Scoring rubrics are among the most popular innovations in education (Goodrich, 1997a; Jensen, 1995; Ketter, 1997; Luft, 1997; Popham, 1997). However, little research on their design and their effectiveness has been undertaken. Moreover, few of the existing research and development efforts have focused on the ways in which rubrics can serve the purposes of learning and cognitive development as well as the demands of evaluation and accountability. The two studies that made up the Project Zero's research focused on the effect of instructional rubrics and rubric-referenced self-assessment on the development of 7th and 8th grade students' writing skills and their understandings of the qualities of good writing.

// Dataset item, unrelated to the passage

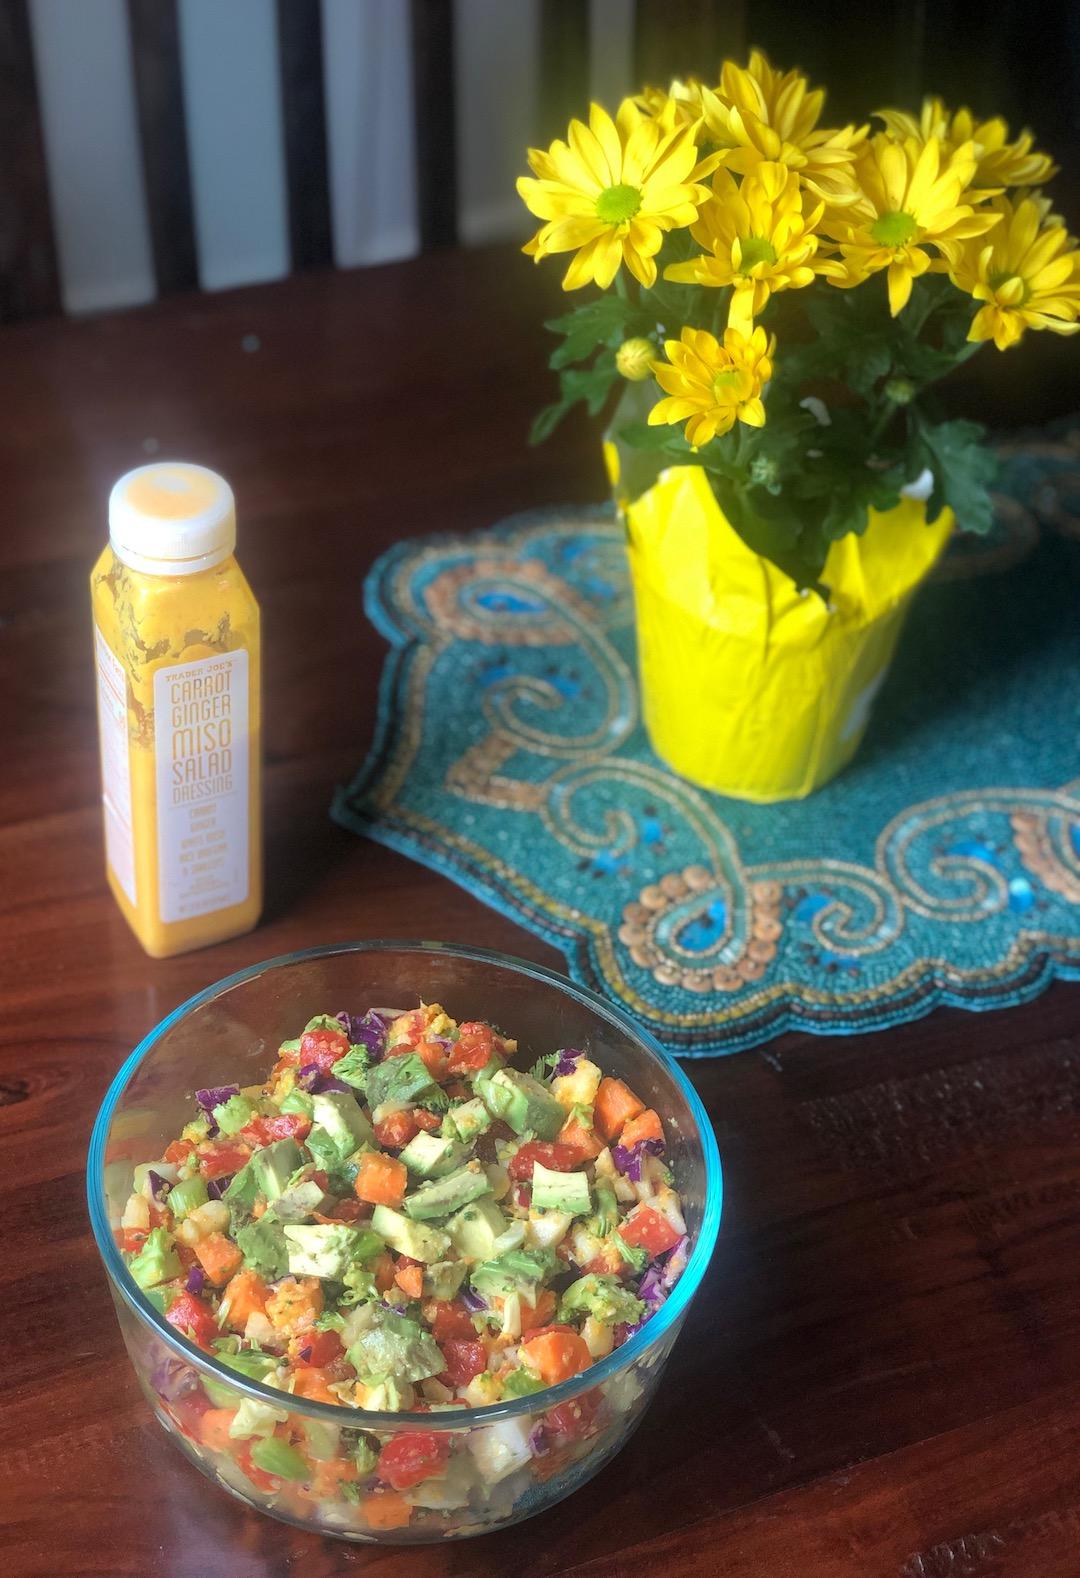 AAY Nutrition Trader Joe's Carrot Ginger Salad Dish

These studies draw on two areas of research: authentic assessment and self-regulated learning. Perspectives on authentic assessment provide a guiding definition of assessment as an educational tool that serves the purposes of learning as well as the purposes of evaluation (Gardner, 1991; Goodrich, 1997b; Wiggins, 1989a, 1989b; Wolf & Pistone, 1991). In addition, the literature on authentic assessment provides guidance on the characteristics of effective assessment (see Goodrich, 1996a, for a review). These characteristics influenced the design of the studies reviewed below, which:
- Articulated clear criteria for assessing writing,
- Asked students to assess their own work,
- Provided opportunities for improvement through revision, and
- Was sensitive to students' developmental stages, referring to appropriate grade level standards.

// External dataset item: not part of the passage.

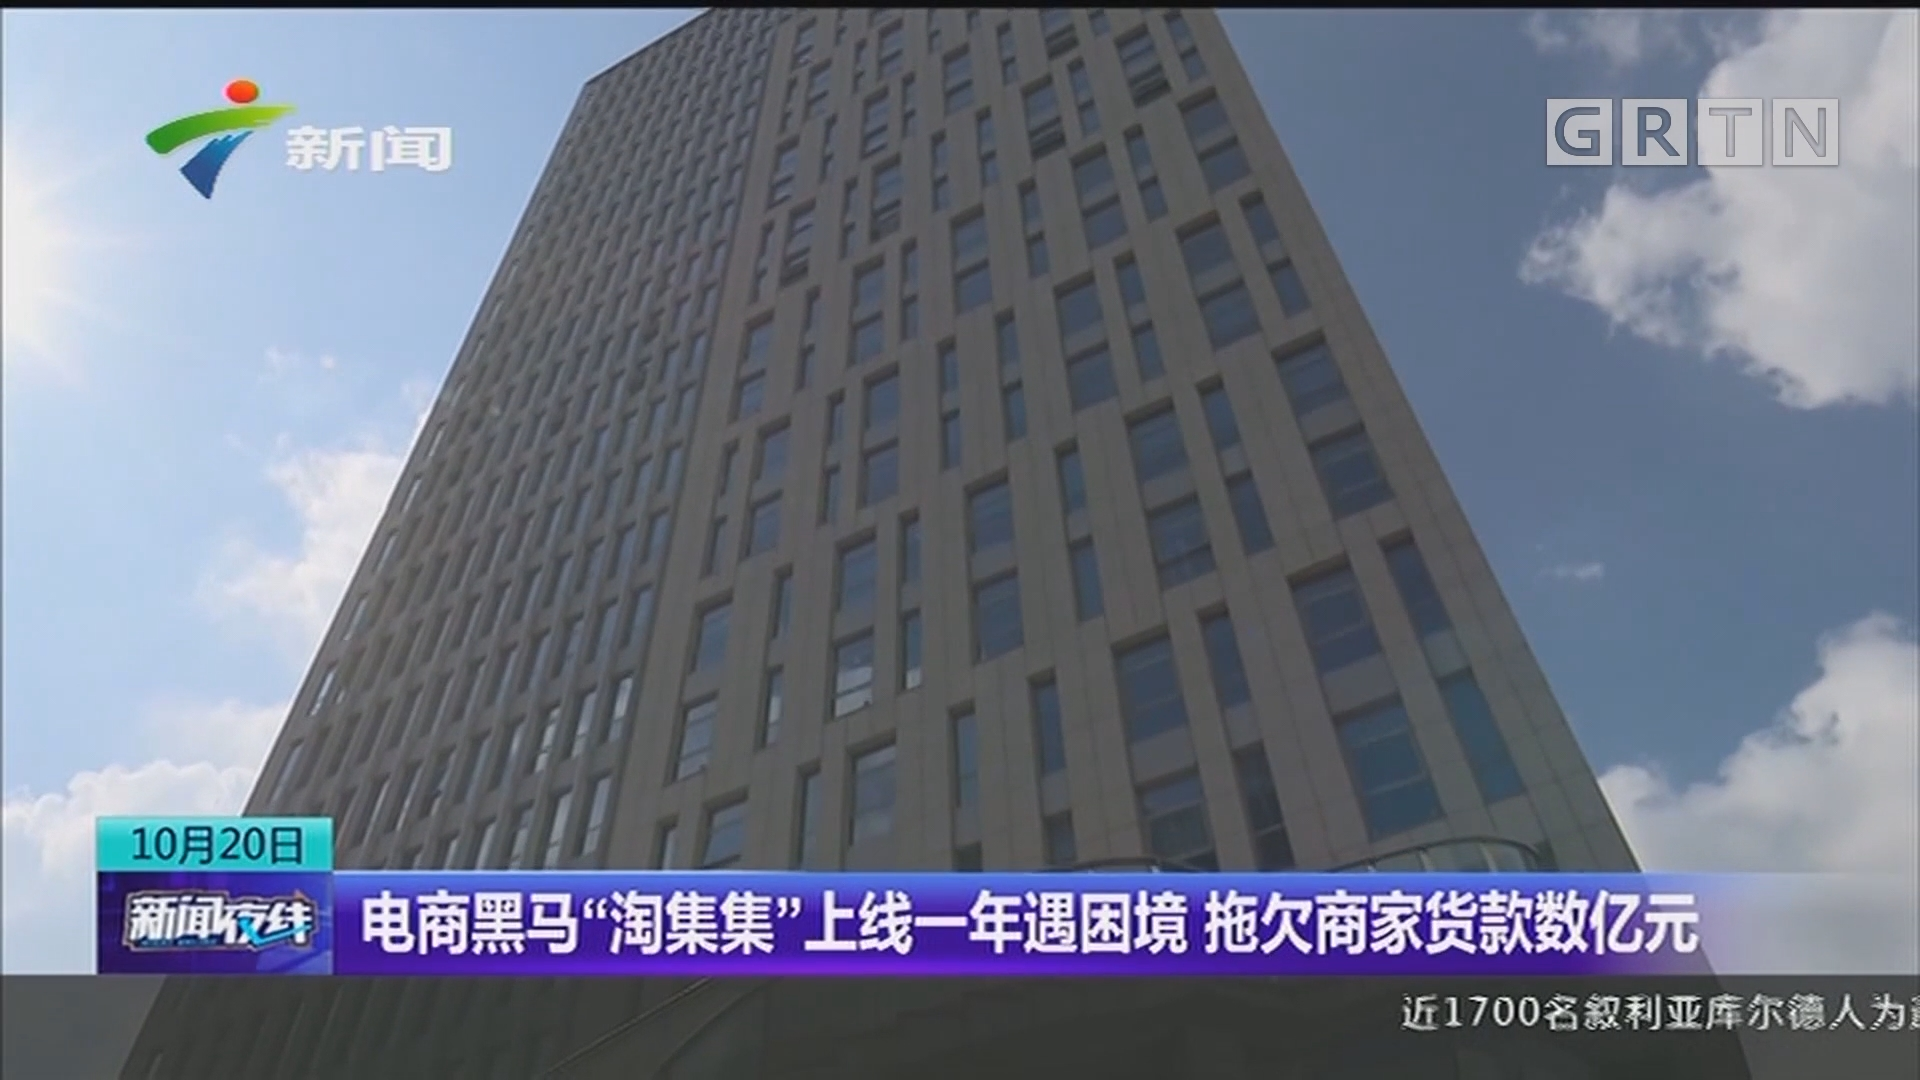 """电商黑马""""淘集集""""上线一年遇困境 拖欠商家货款数亿元"""

The literature on self-regulated learning and feedback suggests that learning improves when feedback reminds students of the need to monitor their learning and guides them in how to achieve learning objectives (Bangert-Drowns et al., 1991; Butler and Winne, 1995). The Rubrics and Self-Assessment Project is based on the hypothesis that students themselves can be the source of feedback, given the appropriate conditions and supports.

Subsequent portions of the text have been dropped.